On the intersections of exceptional sets in Borel's normal number theorem and Erdos-Renyi limit theorem

For any x is an element of [0, 1), let S-n(x) be the partial summation of the first n digits in the binary expansion of x and R-n(x) be its run-length function. The classical Borel's normal number theorem tells us that for almost all x is an element of [0, 1), the limit of S-n(x)/n as n goes to infinity is one half. On the other hand, the Erdos-Renyi limit theorem shows that R-n(x) increases to infinity with the logarithmic speed log(2) n as n -> infinity for almost every x in [0, 1). In this paper, we are interested in the intersections of exceptional sets arising in the above two famous theorems.
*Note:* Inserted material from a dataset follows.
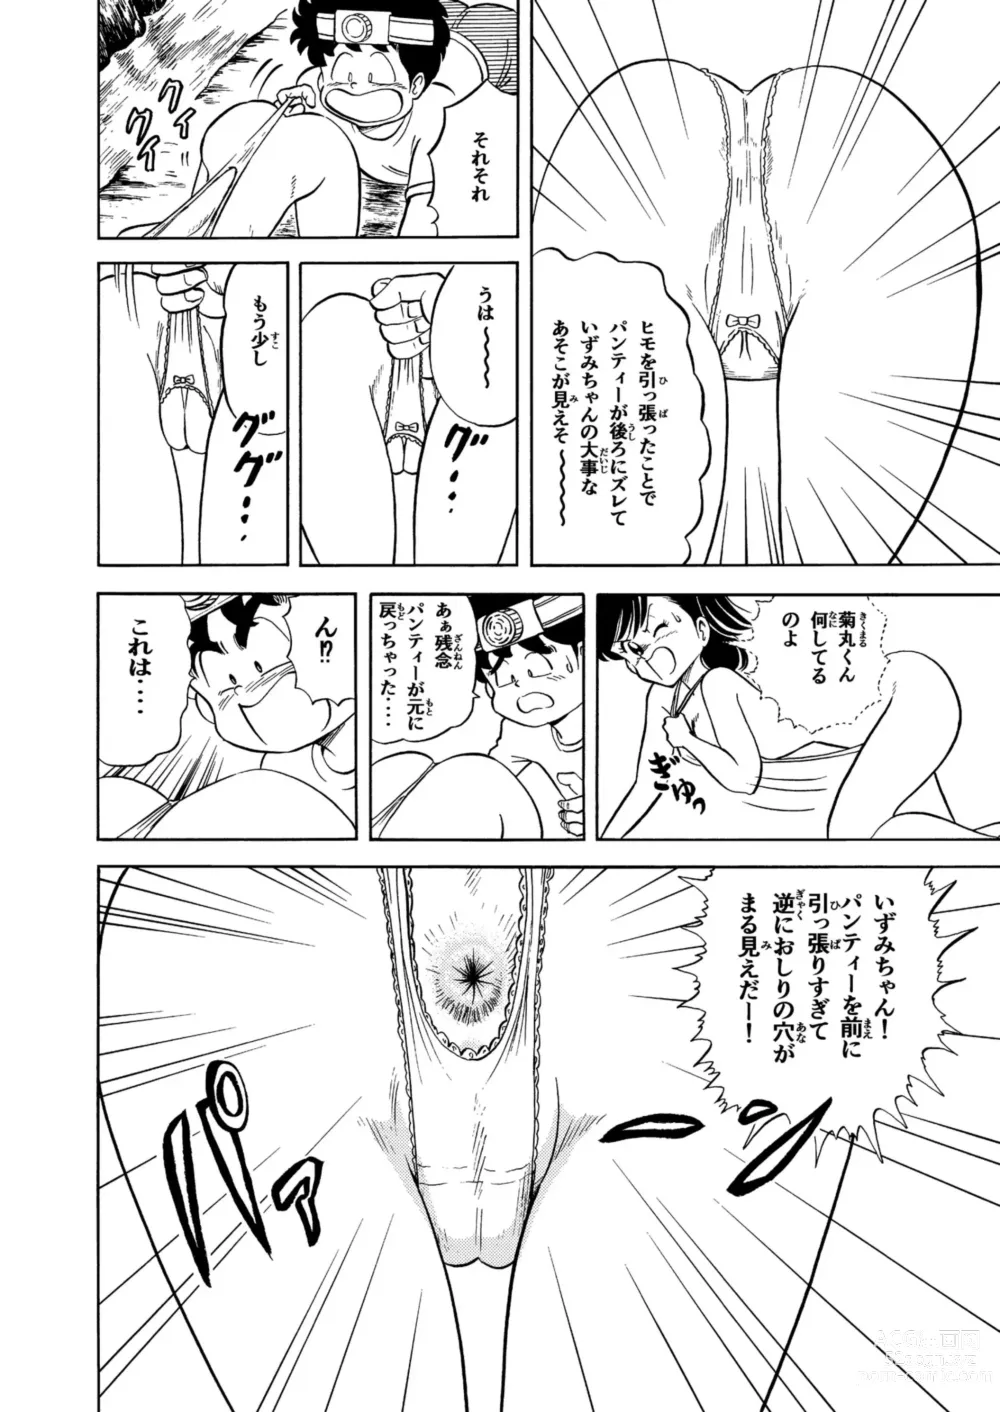 Page 9 of doujinshi Hard Ecchi Izumi-chan 2

More precisely, for any 0 <= alpha(1) <= alpha(2) <= 1 and 0 <= beta(1) <= beta(2) <= +infinity, we completely determine the Hausdorff dimension of the following set: B(alpha(1), alpha(2)) boolean AND E(beta(1), beta(2)), where B(alpha(1), alpha(2)) = {x is an element of [0, 1) : lim inf(n ->infinity) S-n(x)/n = alpha(1), lim sup(n ->infinity) S-n(x)/n = alpha(2)} and E(beta(1), beta(2)) = {x is an element of [0, 1) : lim inf(n ->infinity) R-n(x)/log(2) n = beta(1), lim sup(n ->infinity) R-n(x)/log(2) n = beta(2)}. After some minor modifications, our result still holds if we replace the denominator log(2) n in E(beta(1), beta(2)) with any increasing function phi : N -> R+ satisfying phi(n) tending to +infinity and lim(n ->infinity)(phi(n + 1) - phi(n)) = 0. As a result, we also obtain that the set of points for which neither the sequence {S-n(x)/n}(n >= 1) nor {R-n(x)/phi(n)}(n >= 1) converges has full Hausdorff dimension.